The most important reason I had chosen this trip was to visit Kiev and see Pechorskaya Lavra. I was very disappointed to find out that this important historical site was not included in the itinerary of our Soviet trip. When I asked about it, the official answer was that Uspensky Sobor was destroyed by the Germans during World War II and there was nothing interesting to see there. I had heard a different story from my Russian friends in Mamaia. They claimed that the Uspensky Temple was filled with explosives by the Soviets before they withdrew from Kiev and that these were detonated by them after the Germans took over Kiev. The Soviets thus killed two birds with one stone: they destroyed the spiritual symbol of the Ukraine and turned the anger of the Ukrainians against the Germans.

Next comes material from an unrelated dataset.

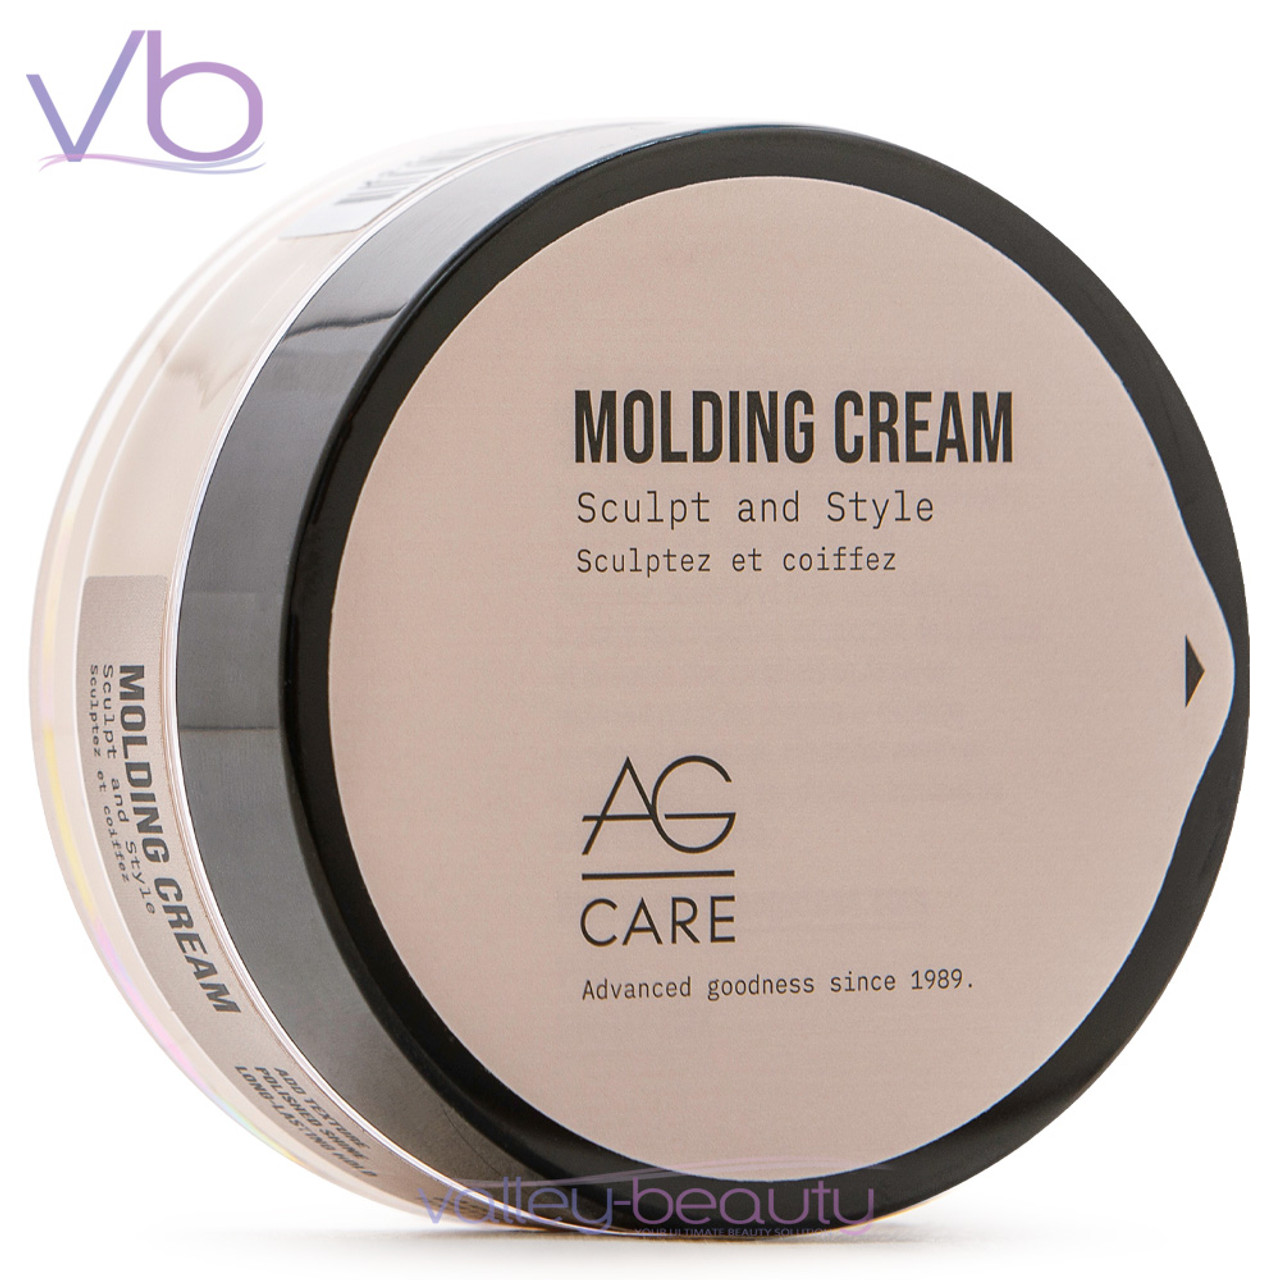 AG Care Molding Cream

But what happened to Uspensky Sobor was not very relevant for me and my personal quest. My primary interest was in Pechorskaya Lavra and its catacombs. And from what I knew, Pechorskaya Lavra was still there; it had survived unscathed the Soviet rule, as well as the German invasion. Soon after our train arrived in Kiev, I started feeling very restless. My passion ate desire to visit the mysterious underground cemetery turned into an irresistible obsession. This was again something very exceptional and uncharacteristic for me. I was known as a rational person who steered through life with a relatively even keel and without significant emotional upheavals.
Taking considerable political risk, I finally decided to split from the group and visit Pechorskaya Lavra on my own. Because I spoke at that time fluent Russian, I was able to get a cab and direct it to the monastery. I got inside and walked through the maze of catacombs lined by the mummies of all the monks who had lived and died there in all the centuries of the monastery’s existence. Their skinny hands covered with brown parchment skin were joined as if in the last prayer. At times, the corridors would open into little caves decorated with powerful icons and lit with candles. Through clouds of heavy smoke of fragrant incense, I could see groups of monks with long beards involved in monotonous singing; they all seemed to be in deep trance and their chant sounded otherworldly and haunting.